= Exercise =
Print the lines in the listing below starting at the line with "Early wooden lawn" and ending at the line with "A Fine example", both included. Reproduce them exactly and omit every picture.

Start of Records supplied

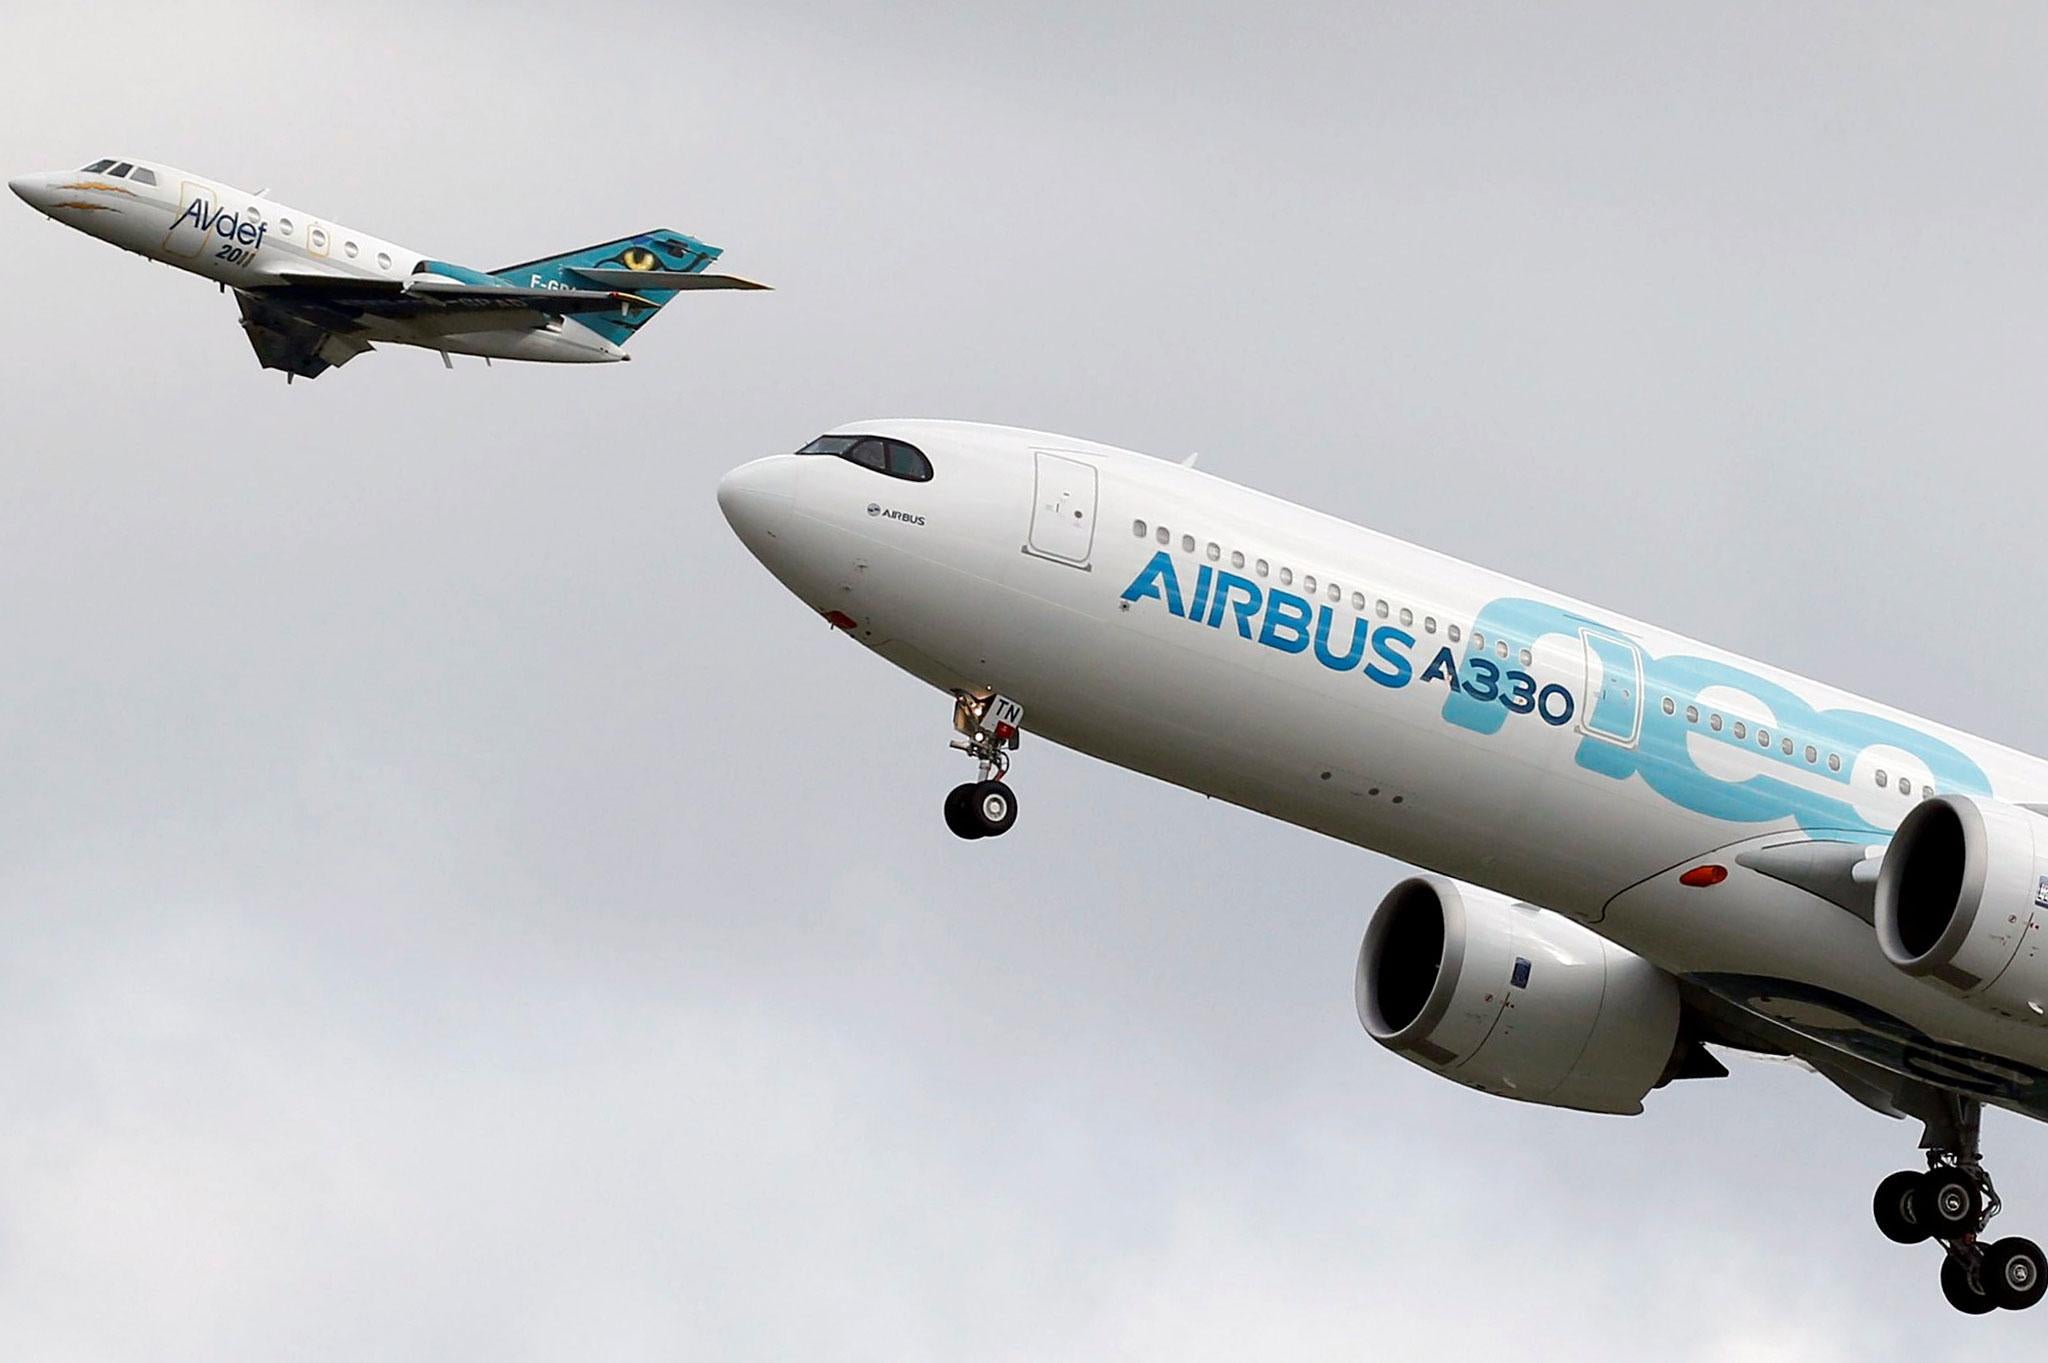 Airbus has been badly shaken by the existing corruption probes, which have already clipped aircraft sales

End of Records supplied
Start of Records supplied

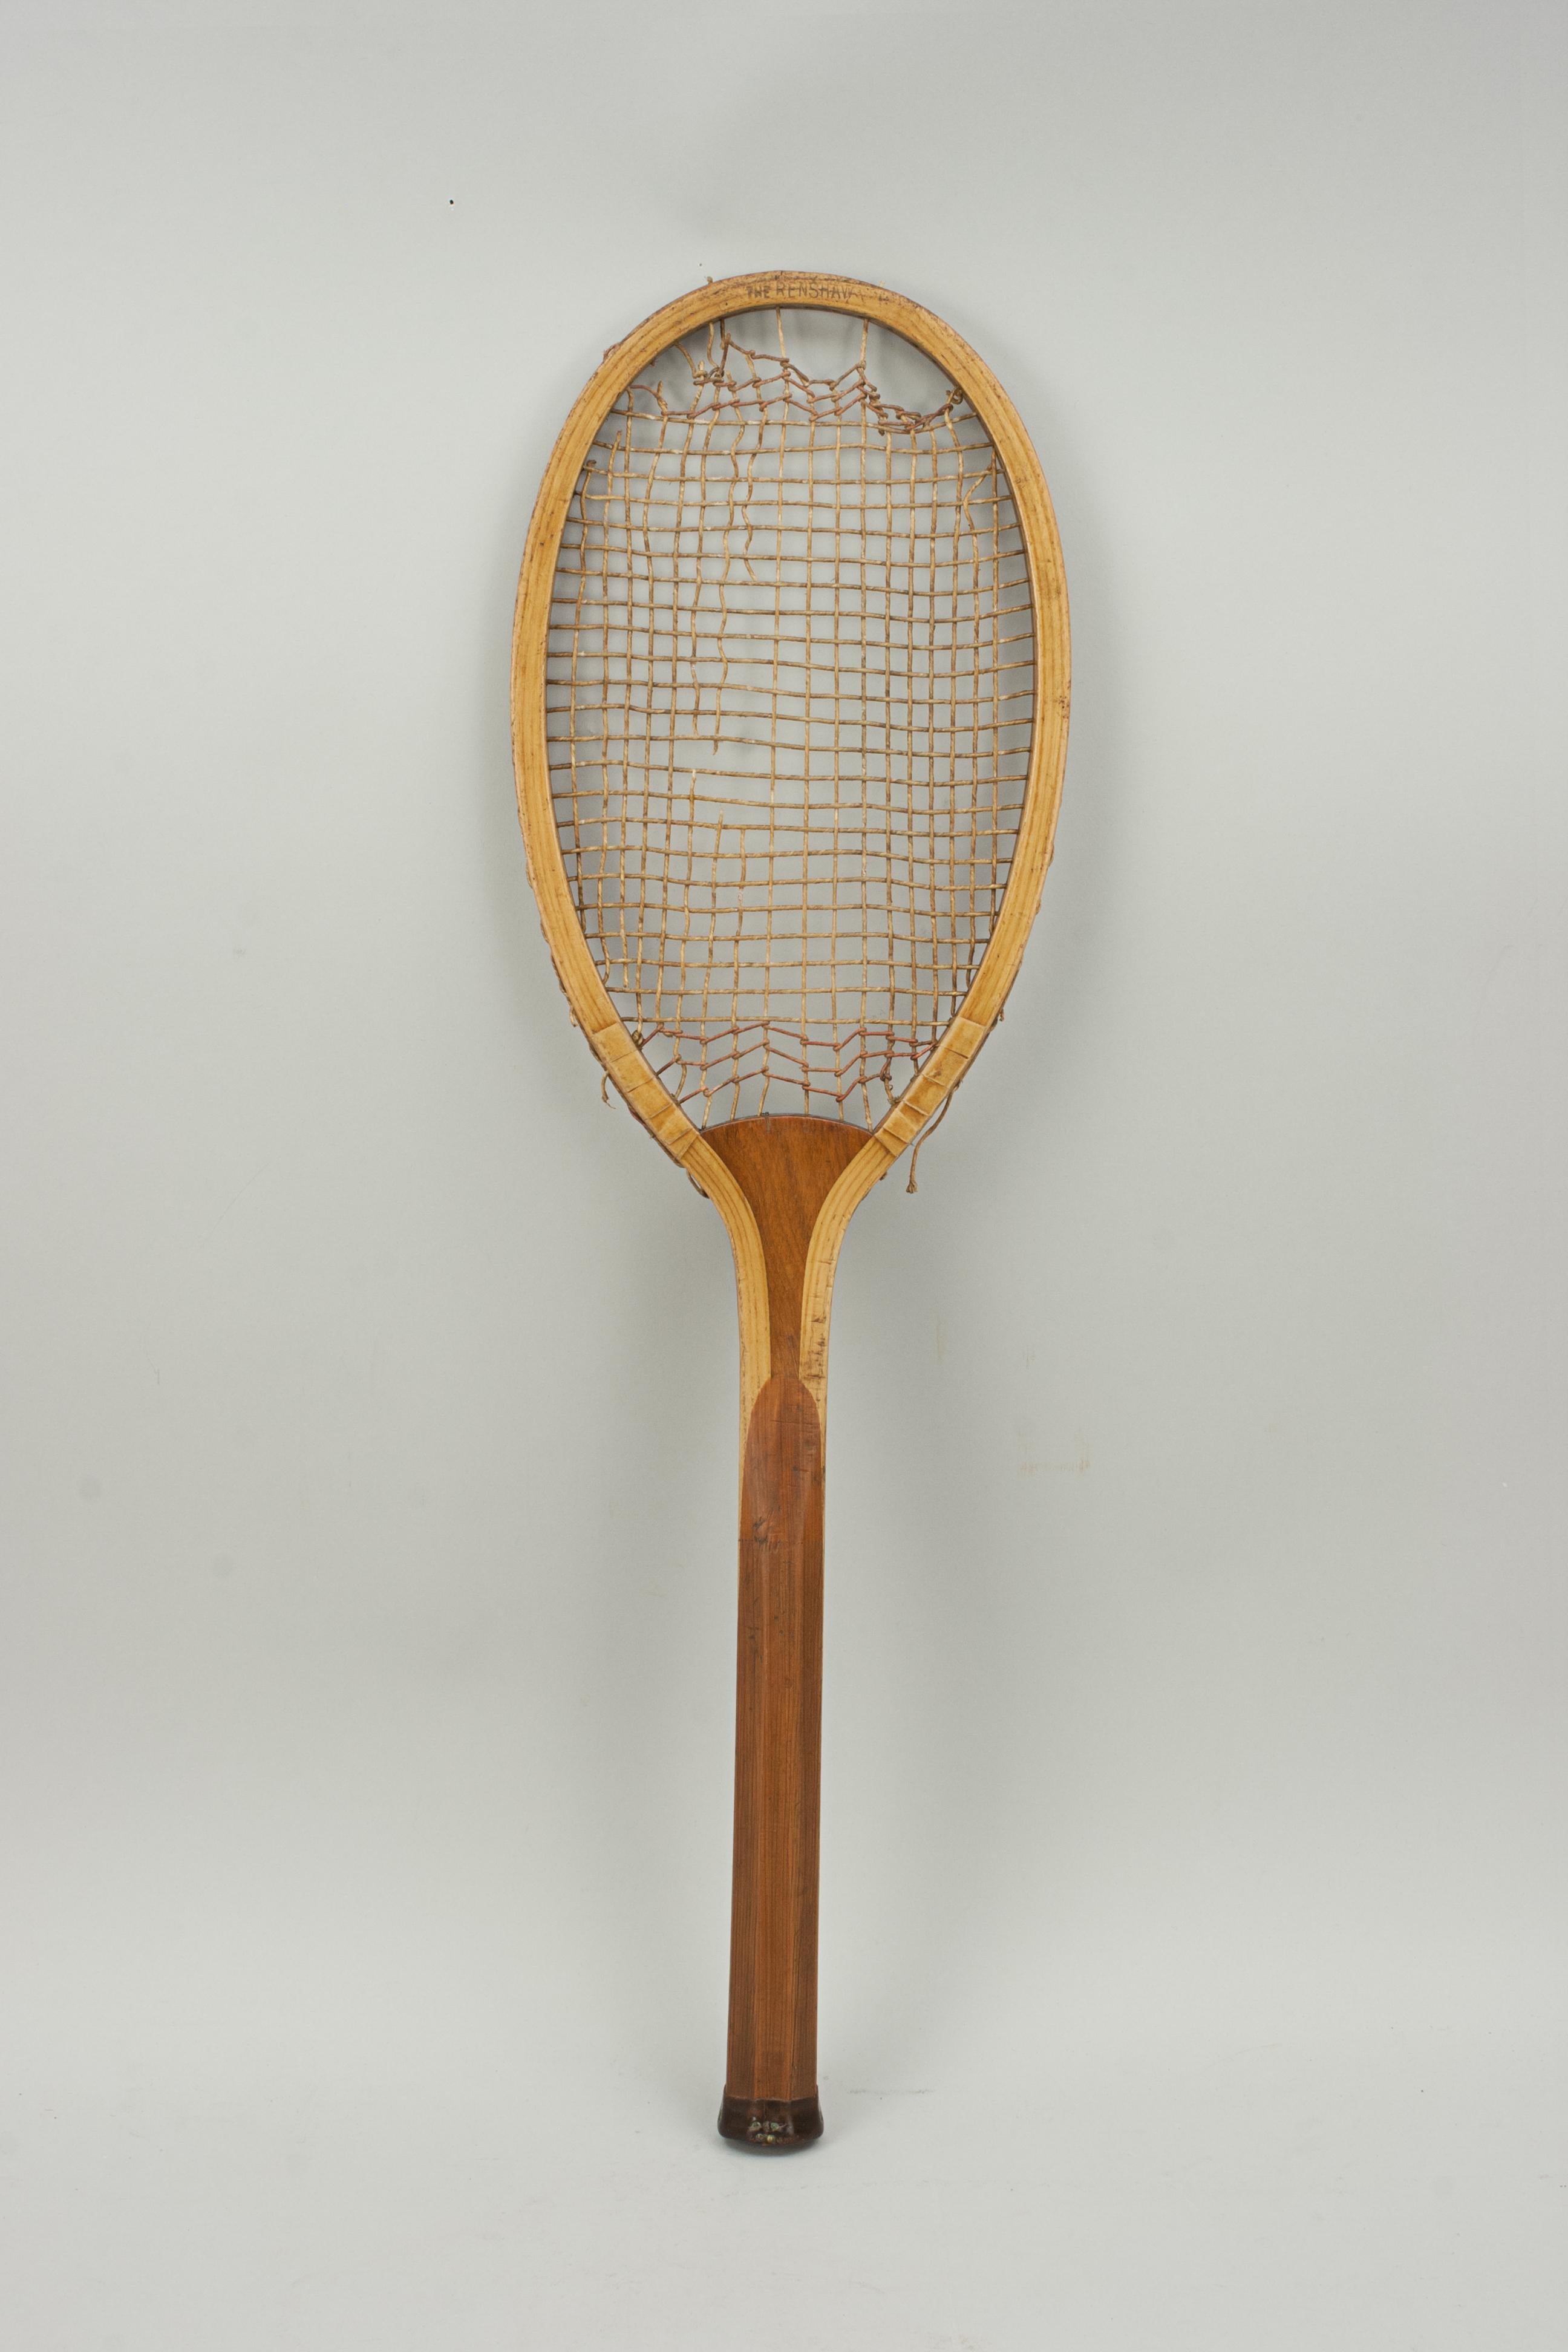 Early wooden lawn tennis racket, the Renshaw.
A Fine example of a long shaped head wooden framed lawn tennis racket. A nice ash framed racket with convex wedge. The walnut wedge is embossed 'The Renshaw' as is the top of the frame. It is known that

End of Records supplied
Start of Records supplied

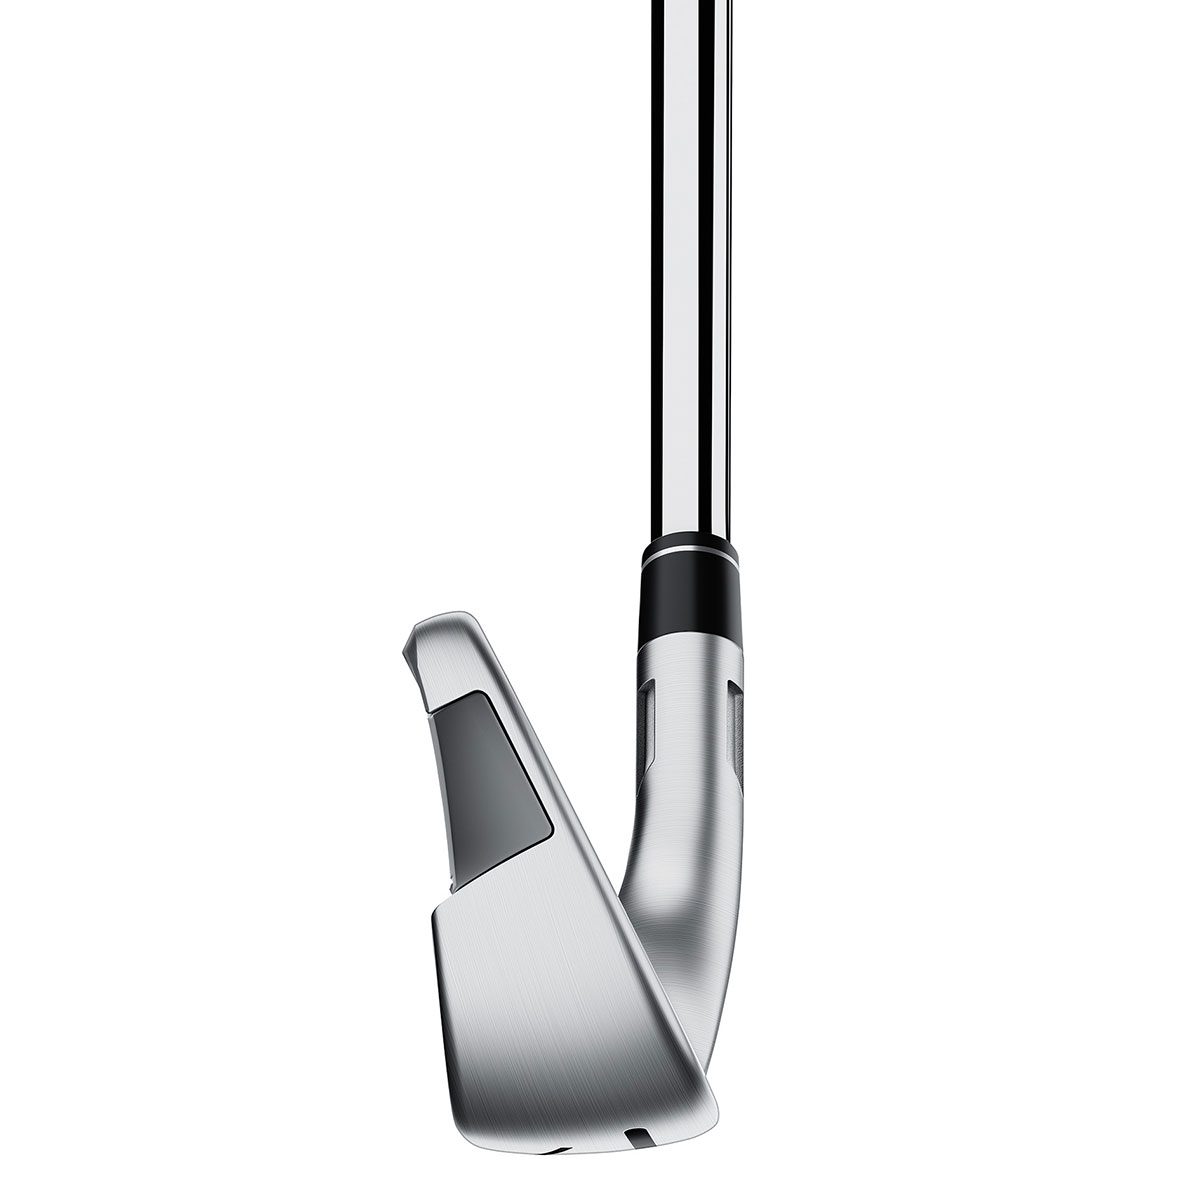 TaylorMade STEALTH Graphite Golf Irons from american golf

End of Records supplied

= Solution for this task =
 Early wooden lawn tennis racket, the Renshaw.
A Fine example of a long shaped head wooden framed lawn tennis racket. A nice ash framed racket with convex wedge. The walnut wedge is embossed 'The Renshaw' as is the top of the frame. It is known that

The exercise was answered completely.